Dense models don’t justify the tradeoff on consumer GPUs. Both dense variants underperformed their MoE counterparts in every round — slower, buggier, no better spatial reasoning. At IQ3_XXS quantization on 16 GB, MoE preserves quality better because it activates fewer parameters per token, so fewer weights are lossy-compressed during the forward pass. At higher quants or on 24+ GB cards, the dense models might close the gap — but on a 5060 Ti, 3060, or 4060 Ti, MoE wins unconditionally.
One shot is not the whole story.
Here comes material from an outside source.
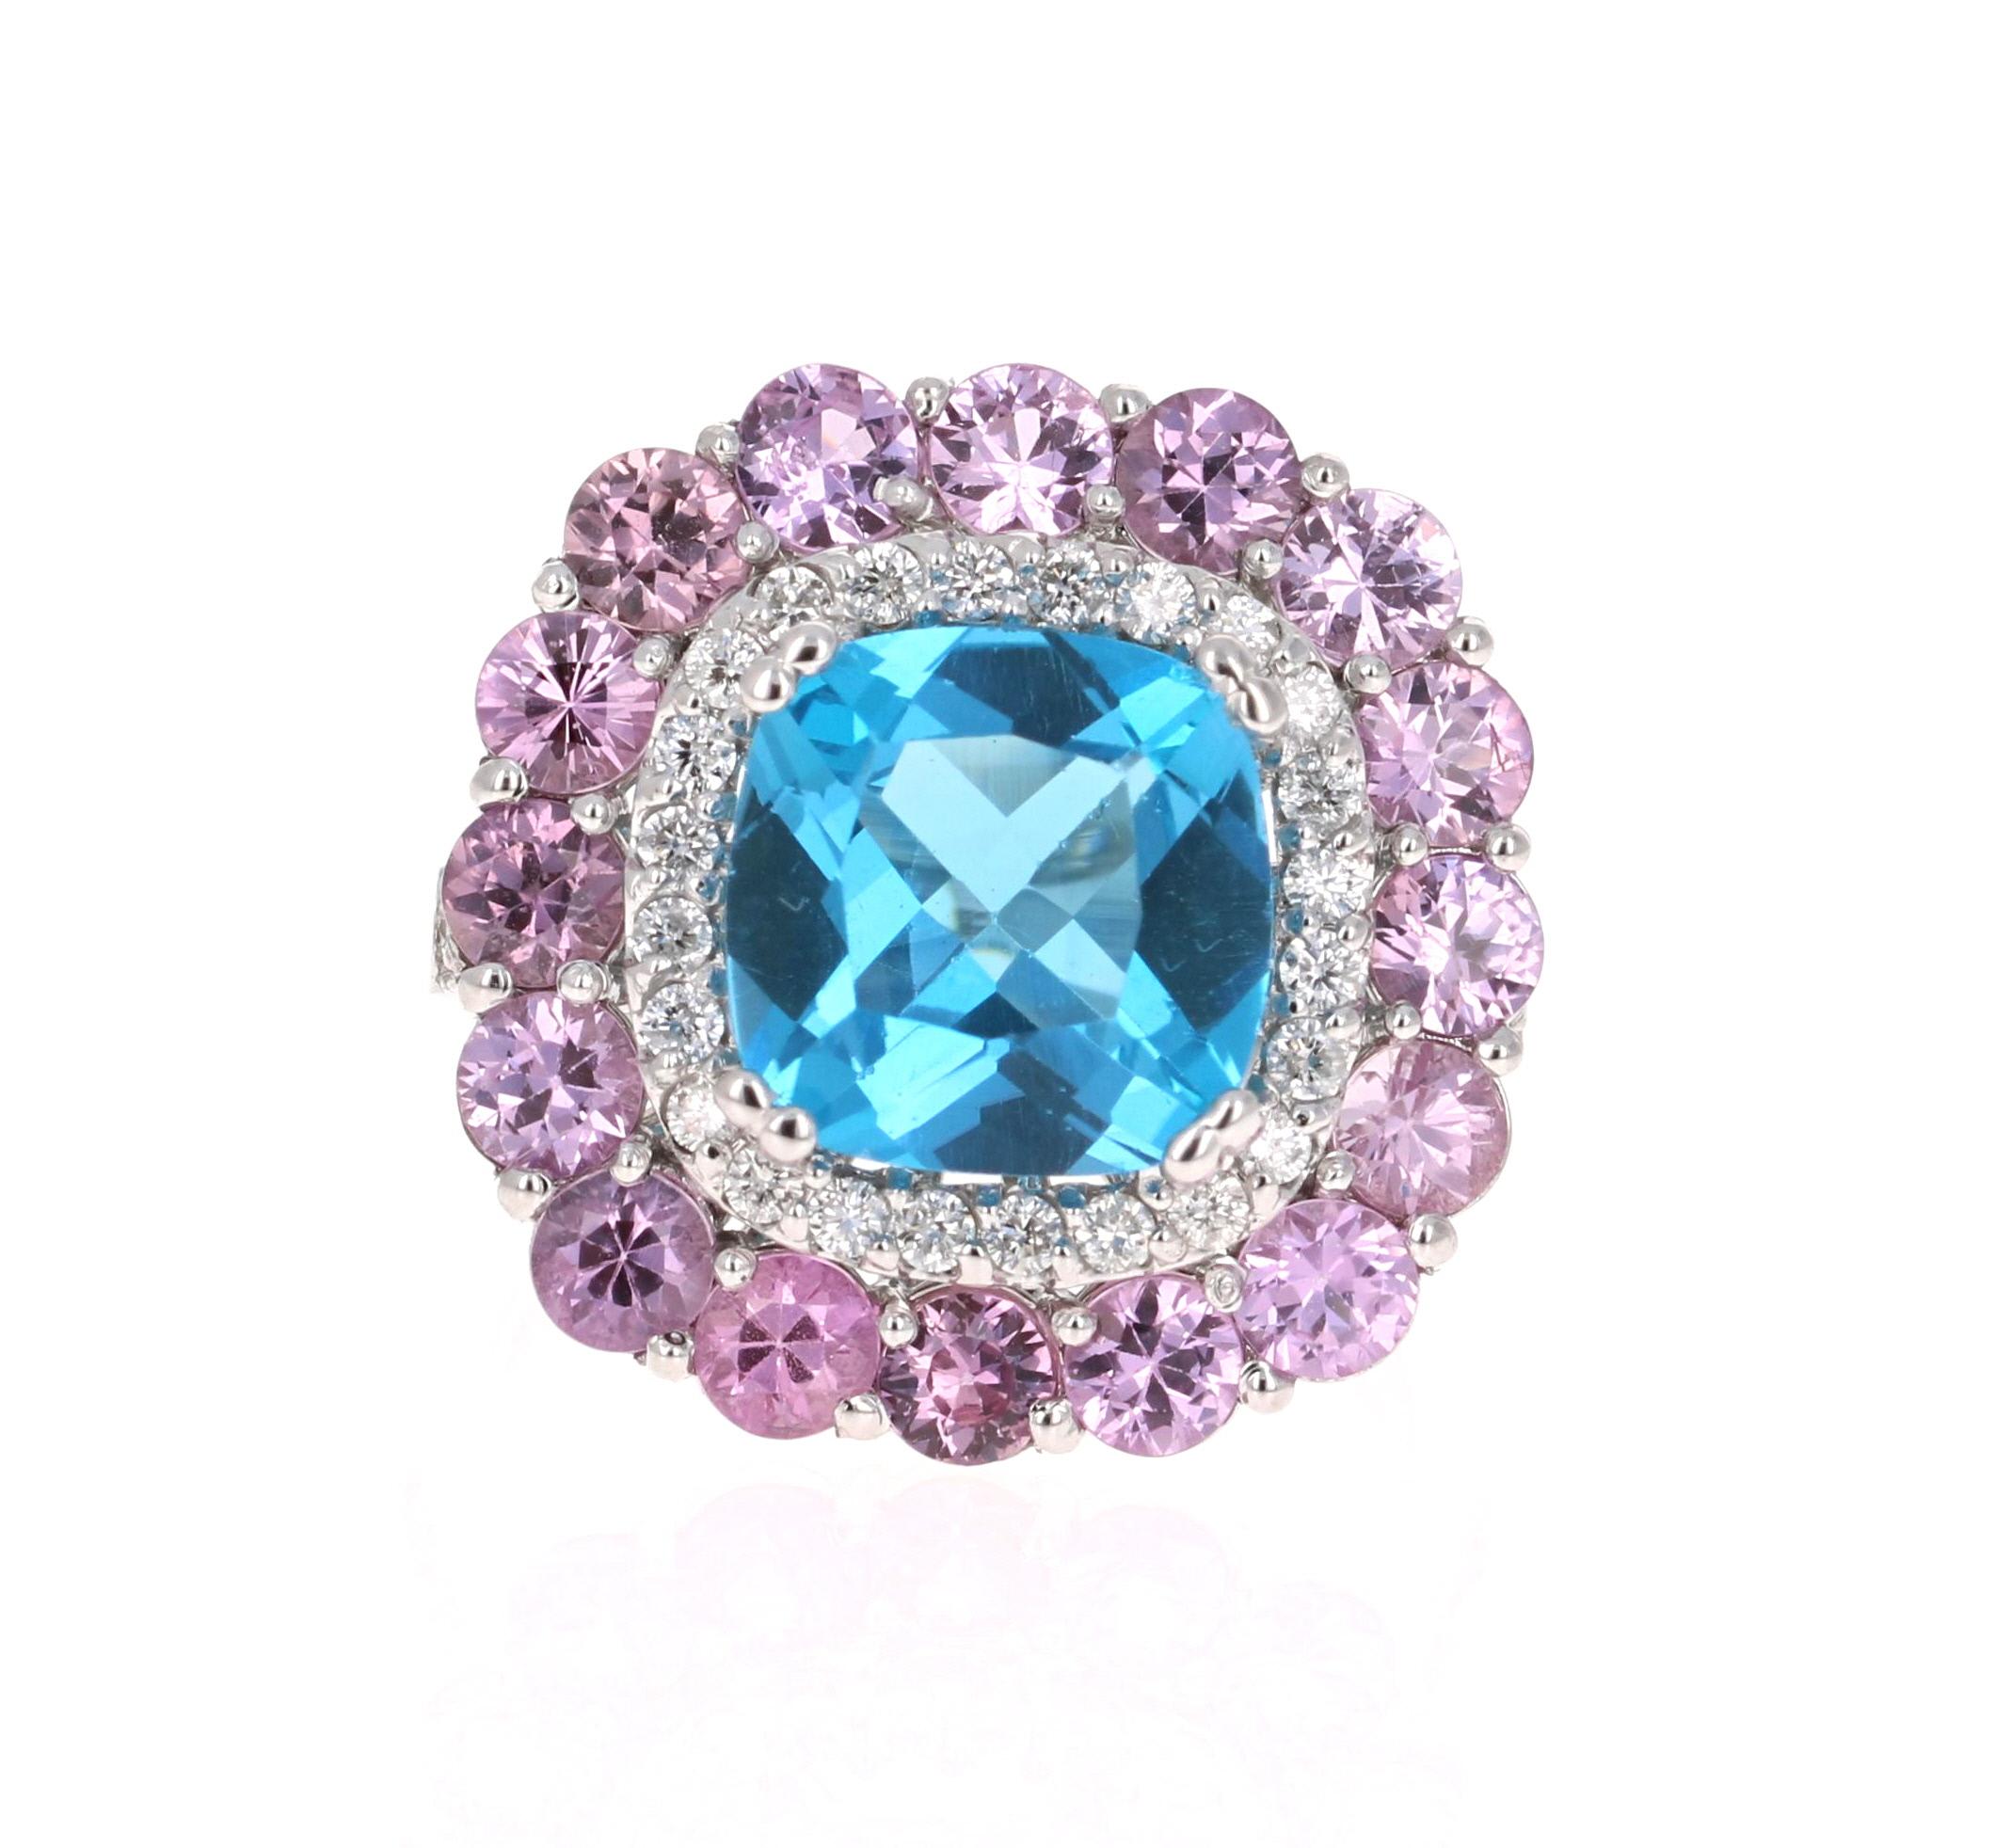 Beautiful to say the Least! 

This Ring has a magnificent Cushion Cut Blue Topaz that weighs 4.71 carats and is surrounded by 19 Round Cut Pink Sapphires that weigh 3.13 carats and 38 Round Cut Diamonds that weigh 0.50 Carats (Clarity: SI, Color:

This benchmark is deliberately harsh — no error feedback, no iterating. In practice, AI coding tools like Claude Code or Copilot run in a loop: generate, check for errors, fix, repeat. With a feedback loop, Qwen’s trivial bugs would get caught on the first retry, and its superior design sense would shine through. But for raw single-shot generation quality on consumer hardware — the kind of “generate and pray” you do when prototyping or when your agent doesn’t have a browser — MoE models are the clear winner.
For local code generation on 16 GB VRAM, the recommendation is the same as for inference speed: MoE wins. A 52-second turnaround lets you prompt-tweak in real time. But if I had to pick one model family for coding regardless of hardware — Qwen’s design sensibility with a linter in the loop would be hard to beat.
One follow-up I’d like to try: llama.cpp supports --reasoning-budget N to cap thinking tokens. Gemma spent 2–8x more tokens thinking than Qwen — does that extra reasoning actually improve code quality, or is it wasted compute? Running the same prompts with --reasoning-budget 0 (no thinking) vs unrestricted could answer that.
The views and opinions expressed here are my own and do not reflect those of my employer.